# Lit'l Smokin



## Paymaster (Aug 28, 2016)

Got a picnic in the Akorn early. Later more goodies. Gonna do baby backs, spares and country styles. Also will do some ABTs with peppers from my garden. I will update the pics as I go along.


----------



## CraigC (Aug 28, 2016)

Looks like a good start! Keep the pron coming. I did a spatchcocked chicken, with Lebanese style flavors on the Egg yesterday.


----------



## Paymaster (Aug 28, 2016)

Thanks CraigC!

The internal is at 155* and the rind has slipped. So, I removed the rind and added rub to the newly bare area. Now to get it to 205* internal. Ribs still to come.


----------



## Kayelle (Aug 28, 2016)

The food looks great but the view of that countryside of yours is stunning!! It must be such a pleasure to have that to look at.


----------



## PrincessFiona60 (Aug 28, 2016)

Yum  Looks loverly!!


----------



## Paymaster (Aug 28, 2016)

Kayelle said:


> The food looks great but the view of that countryside of yours is stunning!! It must be such a pleasure to have that to look at.
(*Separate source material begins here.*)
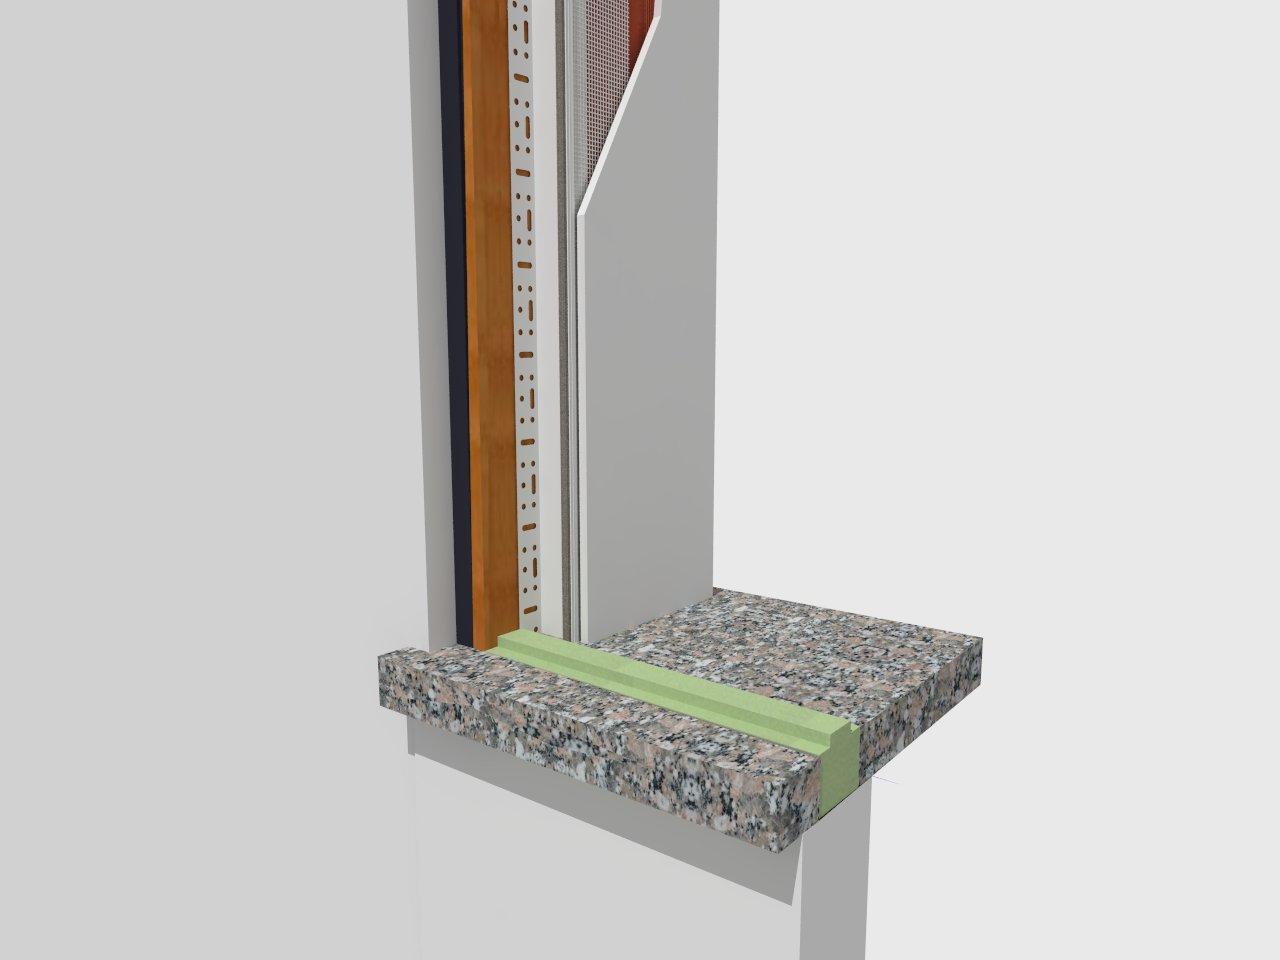 Controtelai in legno e pvc prestazioni termiche elevate for Uniform sistemi per serramenti

Thanks! I love it here. I get to listen to owls and coyotes most every night.



PrincessFiona60 said:


> Yum  Looks loverly!!



Thanks!
Ribs are on.


----------



## Dawgluver (Aug 28, 2016)

Paymaster, you just need to cut it out.  Looks absolutely drool-worthy.


----------



## Paymaster (Aug 28, 2016)

Thanks!

Picnic is done, country styles and ABT's are on. Bout to foil the ribs.


----------



## Cheryl J (Aug 28, 2016)

Paymaster.....dinner looks absolutely delicious and yes, that is a breathtaking view from your deck.


----------



## Paymaster (Aug 28, 2016)

Cheryl J said:


> Paymaster.....dinner looks absolutely delicious and yes, that is a breathtaking view from your deck.



Thank you!

This picnic is gonna be hard to hold off on till next week.


----------



## Paymaster (Aug 28, 2016)

Supper time!




Save​


----------



## PrincessFiona60 (Aug 29, 2016)

Wonderful....although I keep thinking of that picnic hanging around in the back of the fridge...


----------



## Paymaster (Aug 31, 2016)

Thanks everyone!

I got into the pulled pork from the picnic tonite. Sorry bout the poor pic quality.


----------



## PrincessFiona60 (Sep 1, 2016)

Wish we had Smellovision or Tastorama...


----------